• [WORK TASK]:
Go through the material below and return each line with the string "Cheap" in it.

***** DATA FOR THE TASK

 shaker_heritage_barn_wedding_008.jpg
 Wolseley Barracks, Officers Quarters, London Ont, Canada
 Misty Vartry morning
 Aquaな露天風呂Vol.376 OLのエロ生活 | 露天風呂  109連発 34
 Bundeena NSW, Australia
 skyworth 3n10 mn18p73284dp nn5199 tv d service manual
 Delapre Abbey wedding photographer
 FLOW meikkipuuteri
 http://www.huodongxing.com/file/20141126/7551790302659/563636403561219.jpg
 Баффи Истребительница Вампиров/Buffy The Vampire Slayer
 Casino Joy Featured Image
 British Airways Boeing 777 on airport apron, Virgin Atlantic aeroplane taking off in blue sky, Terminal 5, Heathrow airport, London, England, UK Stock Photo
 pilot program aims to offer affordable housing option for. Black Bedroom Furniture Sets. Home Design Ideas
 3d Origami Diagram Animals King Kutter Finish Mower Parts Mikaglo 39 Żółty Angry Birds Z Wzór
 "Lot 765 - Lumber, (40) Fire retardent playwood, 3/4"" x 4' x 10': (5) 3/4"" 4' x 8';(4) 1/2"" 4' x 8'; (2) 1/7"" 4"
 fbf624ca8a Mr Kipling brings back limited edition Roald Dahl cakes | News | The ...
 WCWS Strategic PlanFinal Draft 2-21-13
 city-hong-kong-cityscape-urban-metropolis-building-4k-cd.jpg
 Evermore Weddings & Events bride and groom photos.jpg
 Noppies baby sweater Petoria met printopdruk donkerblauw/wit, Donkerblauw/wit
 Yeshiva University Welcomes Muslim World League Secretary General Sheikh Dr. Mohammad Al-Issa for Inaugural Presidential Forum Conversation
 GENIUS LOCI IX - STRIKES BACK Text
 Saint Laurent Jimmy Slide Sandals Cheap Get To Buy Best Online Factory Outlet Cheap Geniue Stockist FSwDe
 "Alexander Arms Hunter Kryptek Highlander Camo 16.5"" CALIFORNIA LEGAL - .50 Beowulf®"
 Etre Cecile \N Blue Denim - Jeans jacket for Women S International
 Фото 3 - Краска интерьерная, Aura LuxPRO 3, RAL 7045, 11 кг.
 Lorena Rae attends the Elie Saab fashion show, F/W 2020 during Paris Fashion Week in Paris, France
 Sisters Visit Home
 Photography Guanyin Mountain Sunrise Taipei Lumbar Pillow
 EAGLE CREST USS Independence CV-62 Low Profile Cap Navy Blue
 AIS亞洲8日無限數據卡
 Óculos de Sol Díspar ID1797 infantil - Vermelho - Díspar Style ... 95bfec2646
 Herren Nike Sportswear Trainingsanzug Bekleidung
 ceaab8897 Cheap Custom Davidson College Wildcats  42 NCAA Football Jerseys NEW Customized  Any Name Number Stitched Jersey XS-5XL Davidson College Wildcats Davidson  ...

**********

• [TASK ANSWER]:
 Saint Laurent Jimmy Slide Sandals Cheap Get To Buy Best Online Factory Outlet Cheap Geniue Stockist FSwDe
 ceaab8897 Cheap Custom Davidson College Wildcats  42 NCAA Football Jerseys NEW Customized  Any Name Number Stitched Jersey XS-5XL Davidson College Wildcats Davidson  ...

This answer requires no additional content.